O disco durou uma eternidade
e o produtor estragou algumas boas músicas. 'Lips Like
Sugar' poderia ter sido um clássico nosso se Laurie tivesse
mantido o arranjo original."
Em junho de 1987 sai o
primeiro compacto do novo trabalho, The Game,
que conseguiu apenas o 28º posto na parada e mostrava um
Echo diferente, com um som mais direto, cru, sem a sedução
de antes. Ian também cantava sem a dramaticidade de antes.
O descontentamento entre eles era nítido.
No
mês seguinte sai o novo disco batizado apenas de Echo &
The Bunnymen. Era latente a tristeza geral, a começar pela
foto da capa, com o ar de tédio de Ian e Pete, de perfil.
Curiosamente o disco teve
ótimas vendagens iniciais, chegando ao 4º posto no
Reino Unido e na 51ª posição na América.
E "Bedbugs and Ballyhoo" e "People Are Strange"

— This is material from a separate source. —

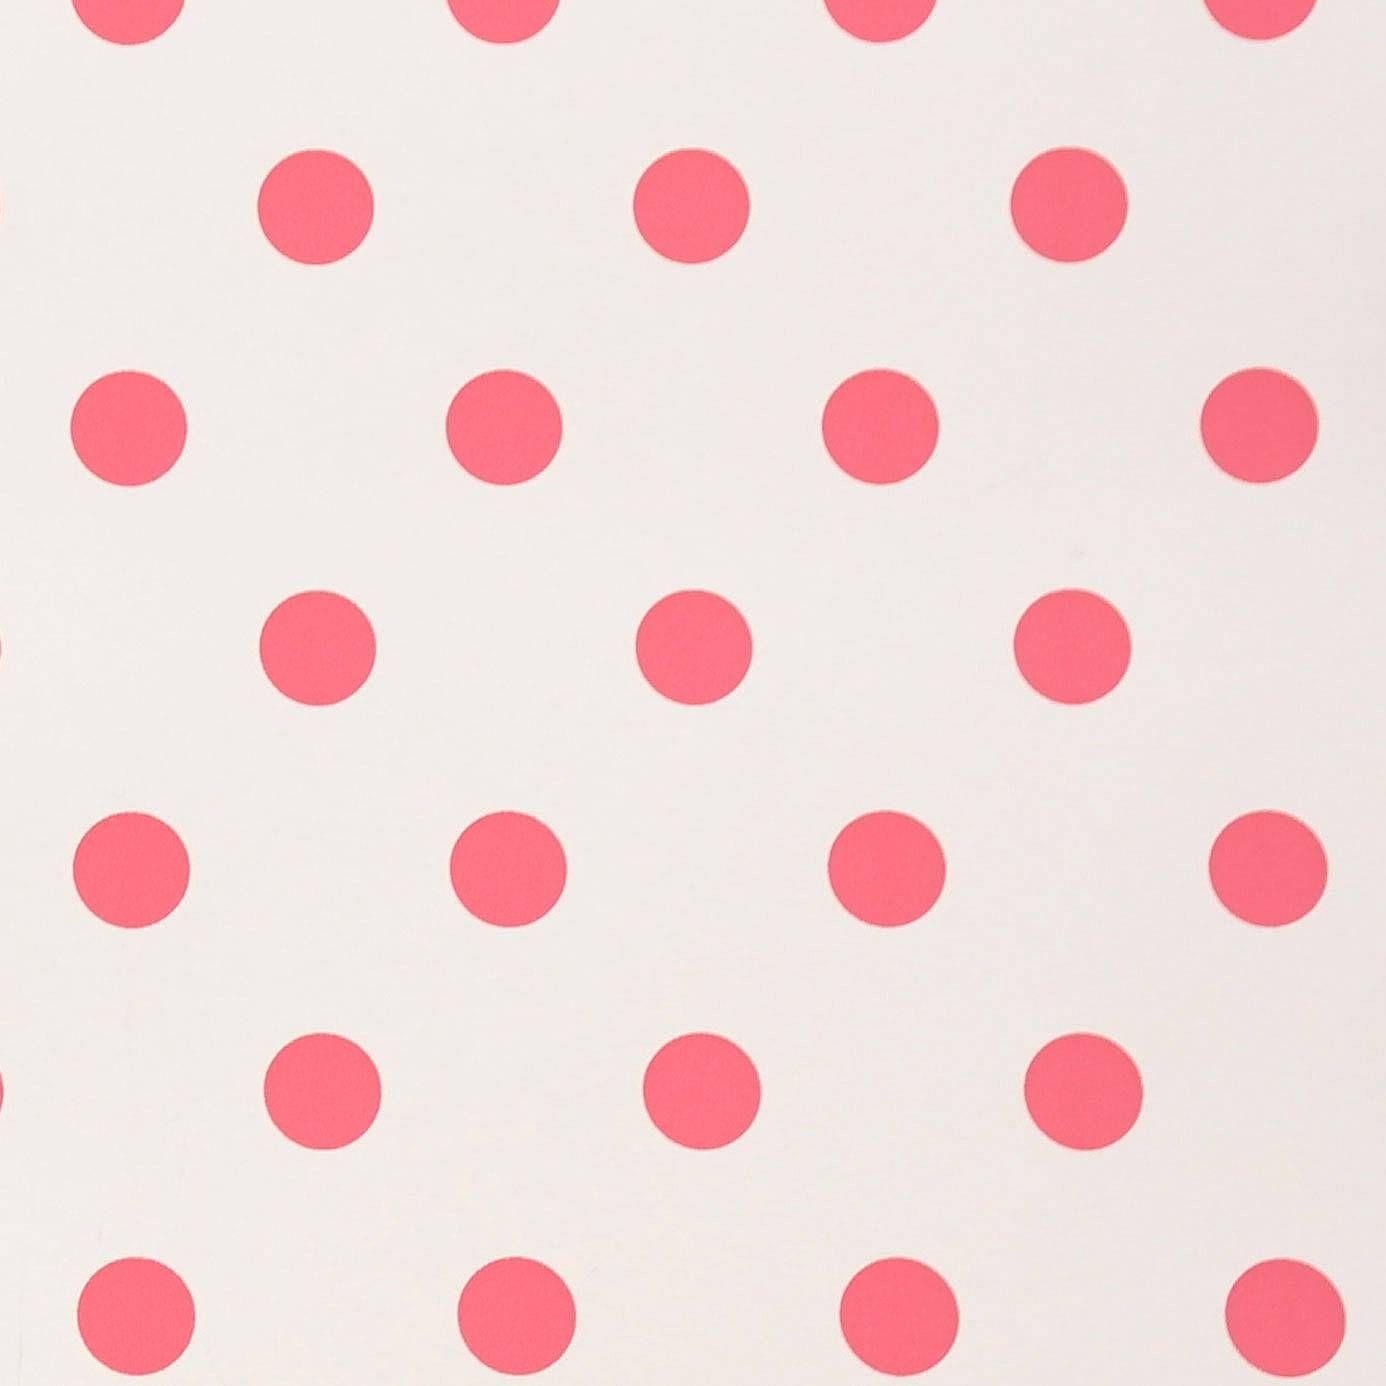 Polka Dot Wallpaper 3002 1386x1386 px
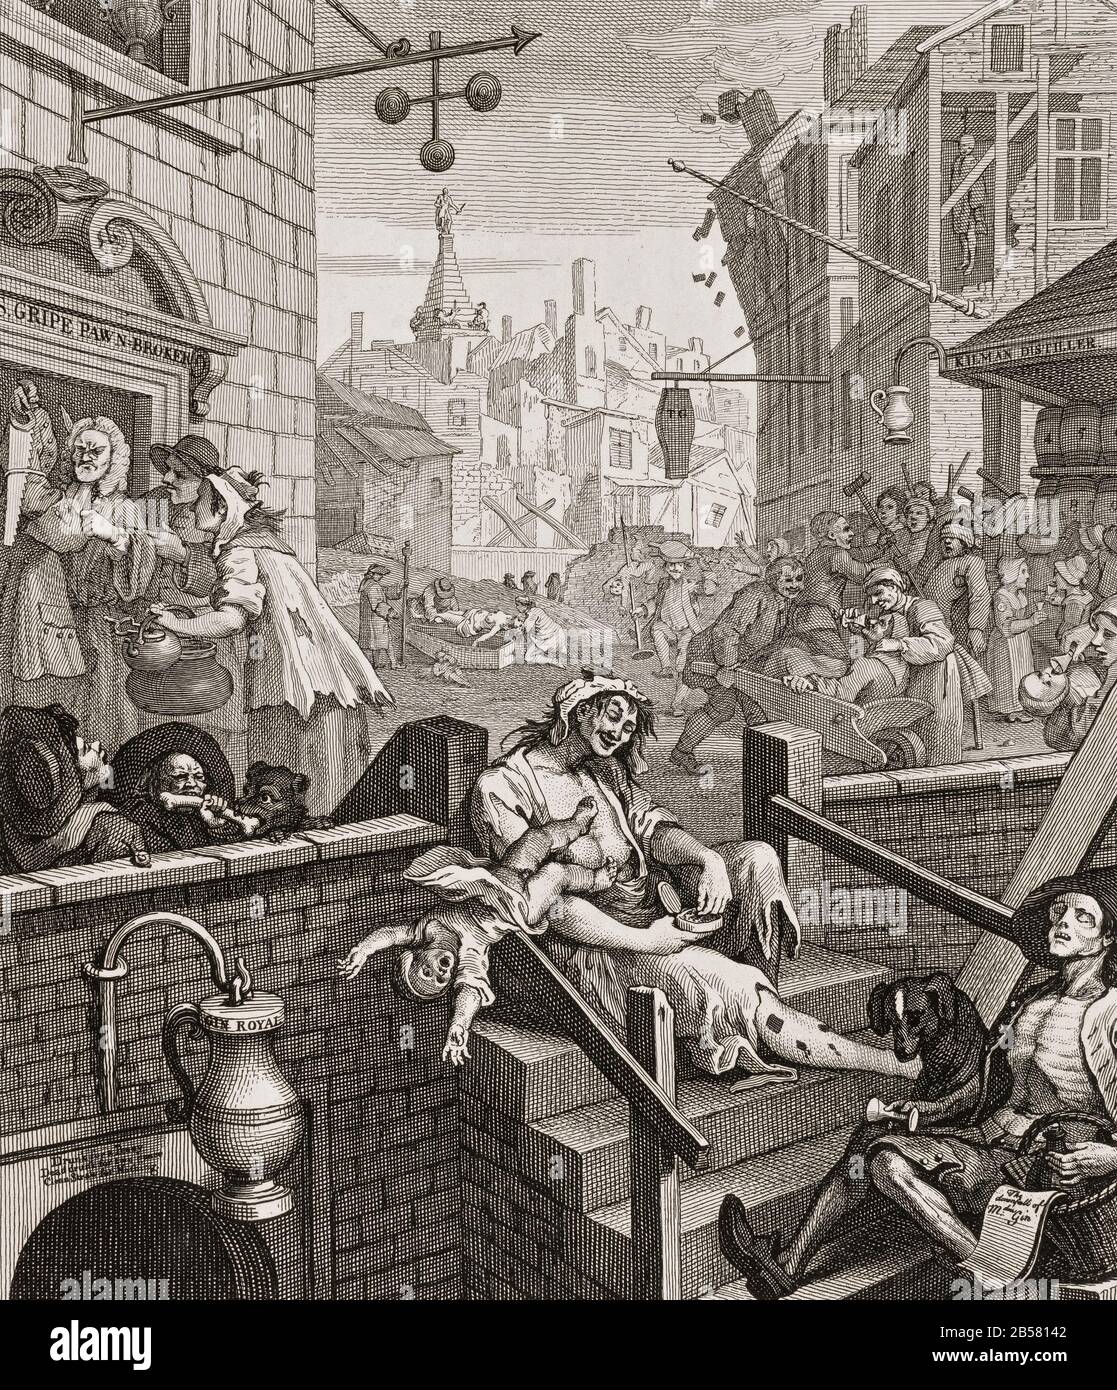 Gin Lane, De Beer Street Et Gin Lane. Une scène de désolation urbaine avec des Londoniens rêvés de gin, notamment une femme qui laisse son enfant tomber à sa mort et un ballade-vendeur émacié; en arrière-plan est la tour de St George's Bloomsbury. William Hogarth, 1751 Banque D'Images

escancaram a porta do mercado norte-americano.
No dia do lançamento,
6 de julho, a banda teve uma idéia que acabou sendo totalmente
infeliz.
O grupo quis subir ao teto
da loja HMV, em Londres, para tocar quatro músicas. Encerraram
a apresentação com "Twist and Shout" para
evocar os Beatles, que, em 1969, subiram no telhado da Apple e
deram um mini-show. Só que, meses antes, o tão odiado
U2 tivera a mesma idéia e filmou o clip de "Where
The Streets Have No Name", nas ruas de Los Angeles da mesma
maneira.
A
banda iniciou então uma imensa turnê mundial começando
pelos shows do Brasil, onde tiveram uma recepção
fanática e surpreendente, pois não imaginavam terem
tantos fãs.
Ian conta que foram apresentações
mágicas no Rio de Janeiro, em Porto Alegre e, em São
Paulo, e um dos últimos momentos mágicos do grupo,
especialmente a última noite.
A reação
da platéia, particularmente, o deixou entusiasmado. Segundo
o cantor, em Porto Alegre foi "selvagem", com a platéia
quebrando cadeiras e pulando o tempo todo.
Em julho e agosto o grupo
lança mais dois compactos: Bedbugs and Ballyhoo
e Lips Like Sugar.
O grupo seguiu então
1987 e 1988 com suas apresentações e cheios de incertezas.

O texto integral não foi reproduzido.